The Eritrean government and civil society have expressed optimism that efforts to combat female genital mutilation (FGM) were bearing fruit, saying the campaign against the practice was gaining support in rural villages where excision was most common.
"We do not have the statistics yet, but we have seen a positive response, with even village councils coming up with their own provisional laws with the people's consensus to discourage the practice," Dehab Suleiman, the head of information and research at the National Union of Eritrean Women (NUEW), told IRIN on Wednesday. A national law was also being drafted to outlaw FGM in Eritrea, she said.
At a function to mark Anti-Female Circumcision Day on 6 February, Eritrea's Health Minister Saleh Meki had said the campaign against FGM was showing encouraging results.

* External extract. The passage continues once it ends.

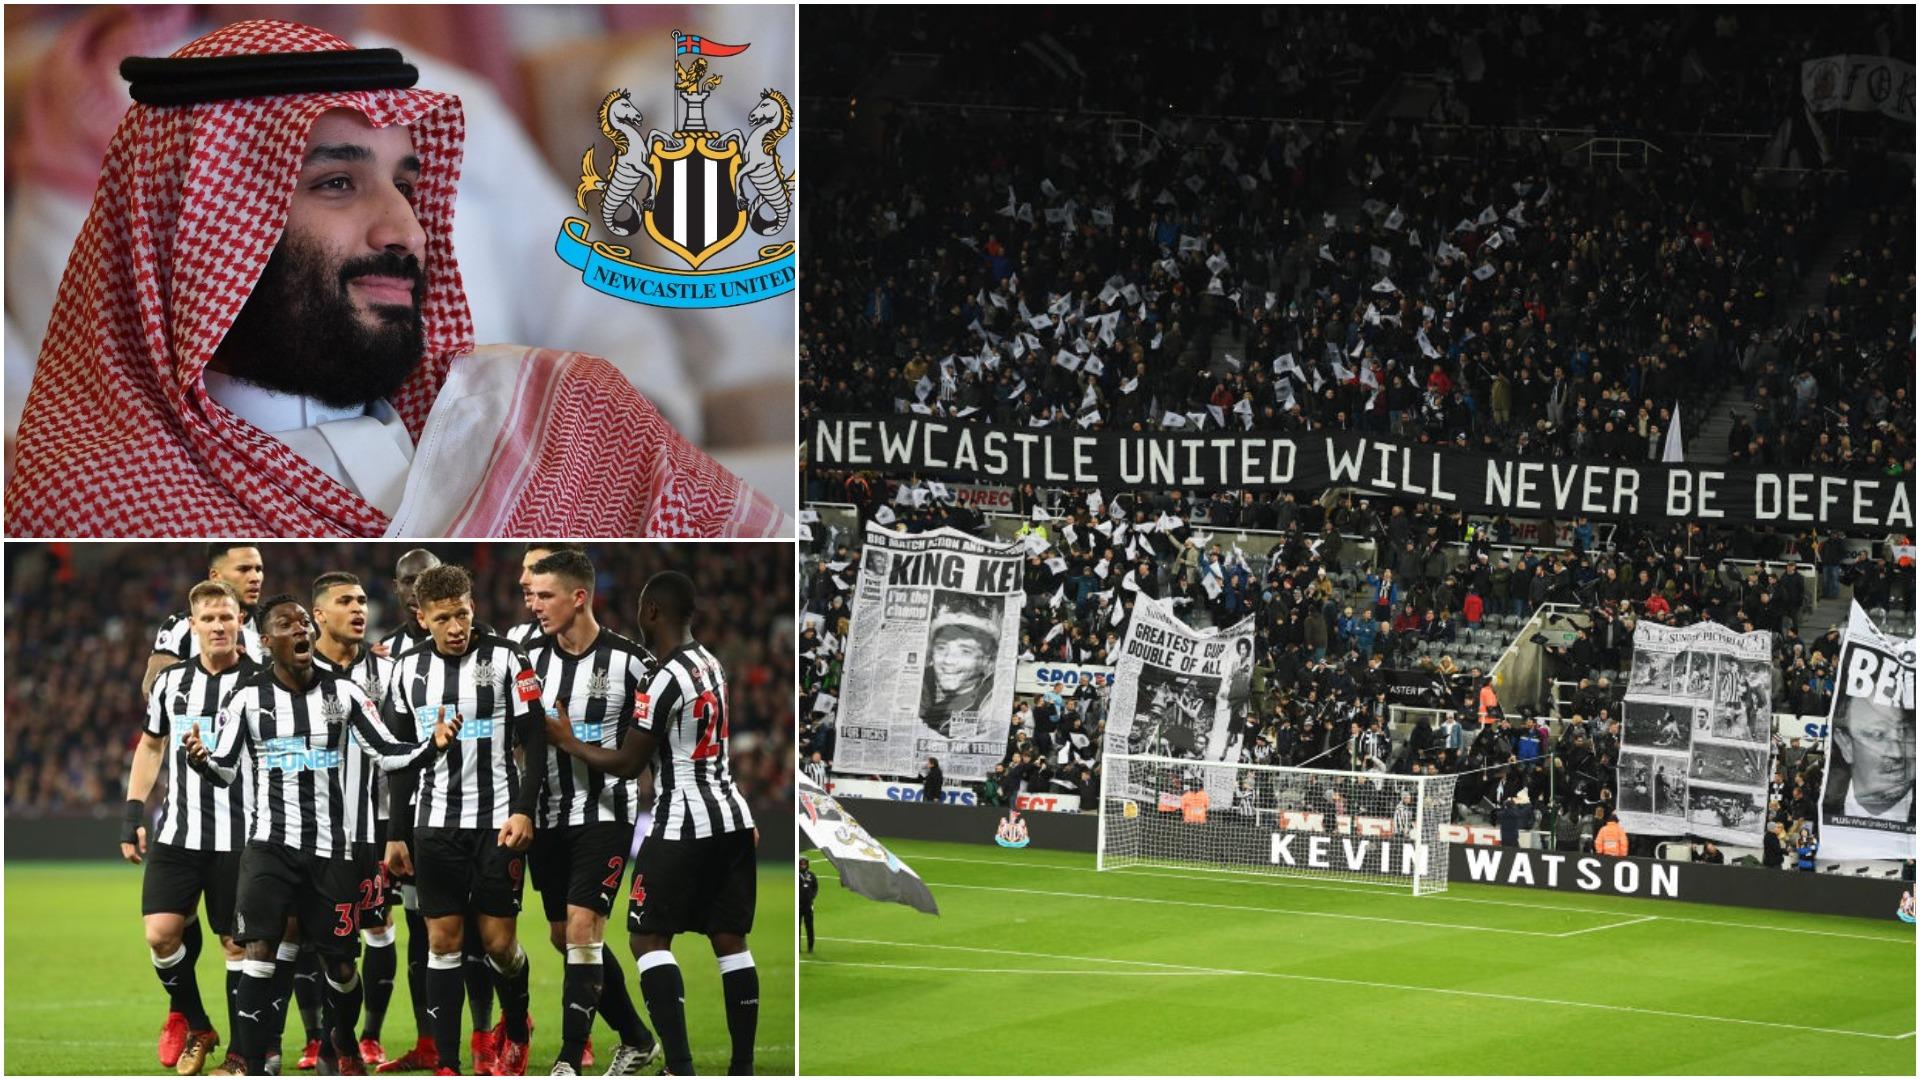 Lëvizje e papritur në Premier League, nuk ka miliona për Newcastle!

Suleiman said FGM prevalence rates in Eritrea were estimated at 94 percent, but the practice was expected to decline in the near future because an increasing number of parents were choosing not to have their daughters subjected to FGM. "Even some circumcisers are now giving up the practice and are joining us to educate the people about the harmful effects of FGM," she said.
FGM involves the cutting and/or removal of the clitoris and other vaginal tissue, often under unsanitary conditions. It is practiced in at least 28 countries globally. The United Nations Children's Fund (UNICEF) estimates that up to 140 million girls and women around the world have undergone some form of FGM.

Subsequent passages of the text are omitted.